A093683 Number of pairs of twin primes <= 10^n-th prime.

4, 25, 174, 1270, 10250, 86027, 738597, 6497407, 58047180, 524733511, 4789919653, 44073509102, 408231310520

Offset

1,1

Comments

This sequence is >= the values of pi(10^n): 4, 25, 168, 1229, ... in A006880.

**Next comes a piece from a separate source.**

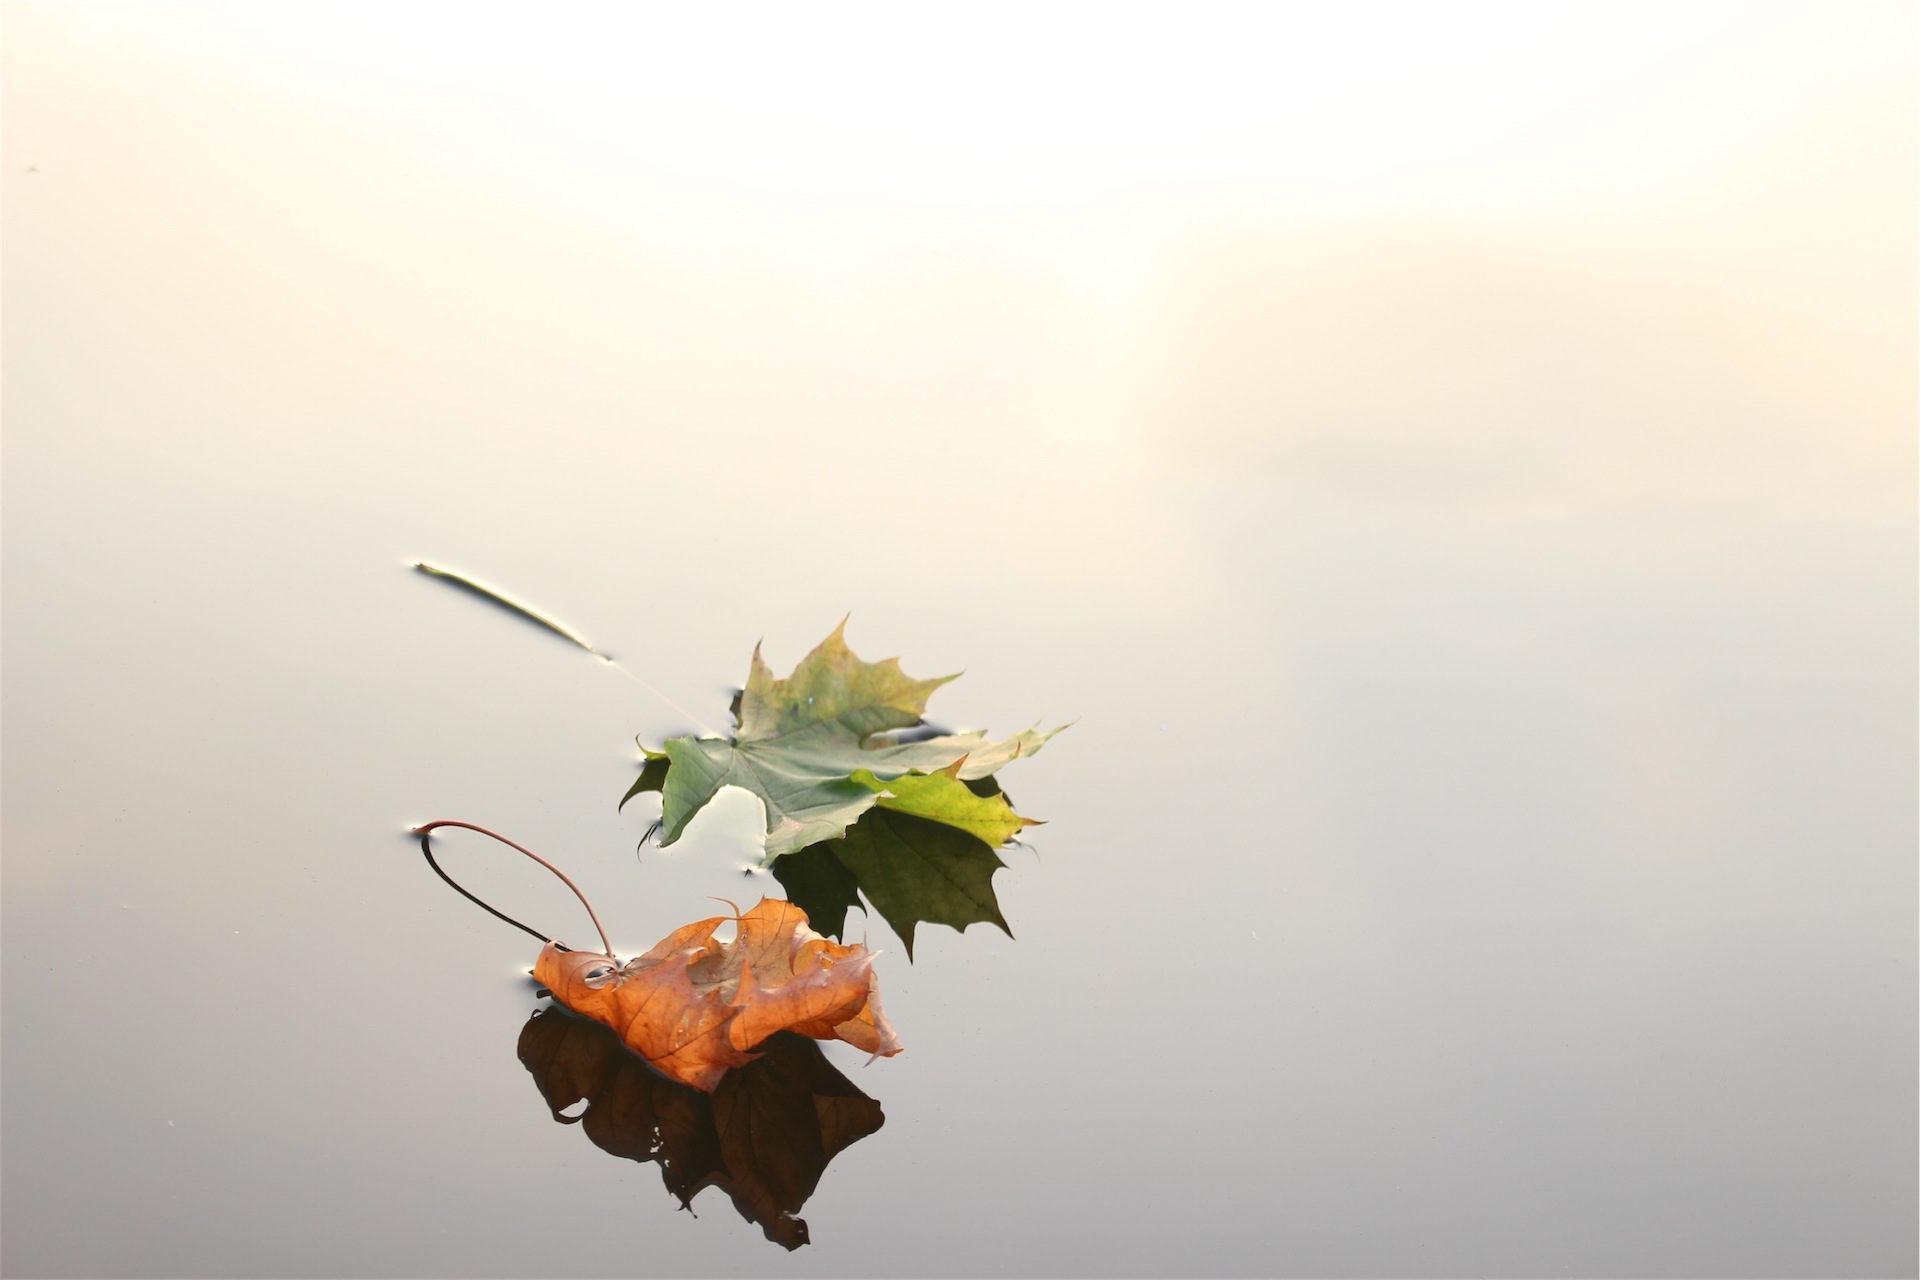 folhas, Lagoa, Lago, Verde, Brown - Papéis de parede HD - Professor-falken.com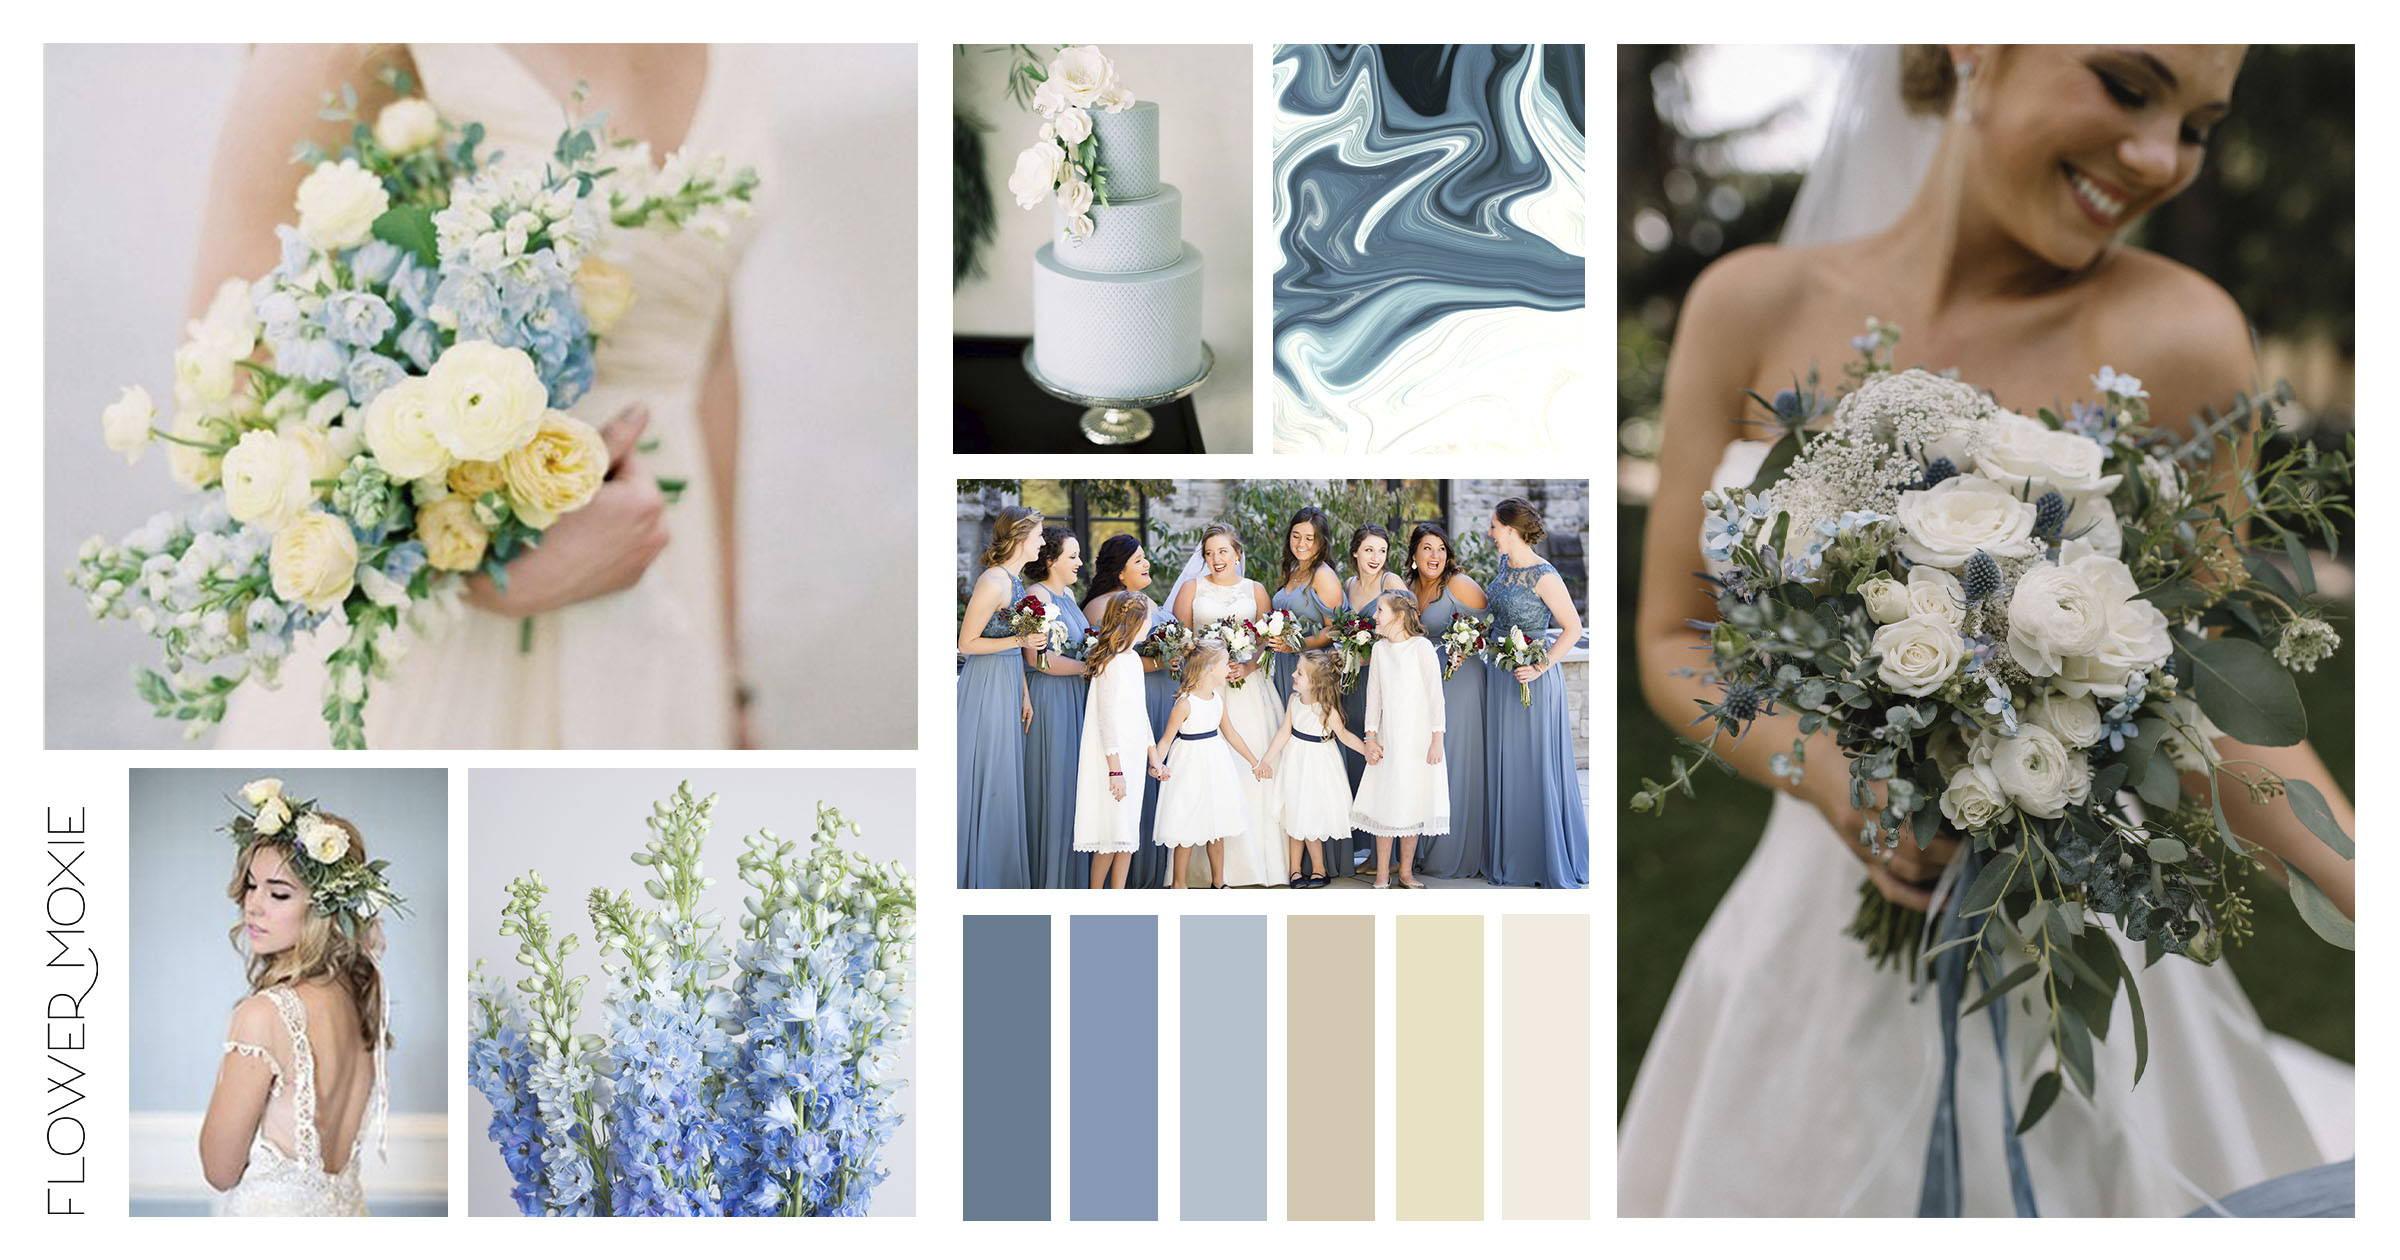 Dusty Blue Cream Wedding Flower Moodboard Diy Wedding Flower Packages Flower Moxie

a(0) = 0. - Eduard Roure Perdices, Dec 23 2022

References

Enoch Haga, "Wandering through a prime number desert," Table 6, in Exploring prime numbers on your PC and the Internet, 2001 (ISBN 1-885794-17-7).

Links

Table of n, a(n) for n=1..13.

Soren Laing Aletheia-Zomlefer, Lenny Fukshansky, and Stephan Ramon Garcia, The Bateman-Horn Conjecture: Heuristics, History, and Applications, arXiv:1807.08899 [math.NT], 2018-2019. See Table 5 p. 40.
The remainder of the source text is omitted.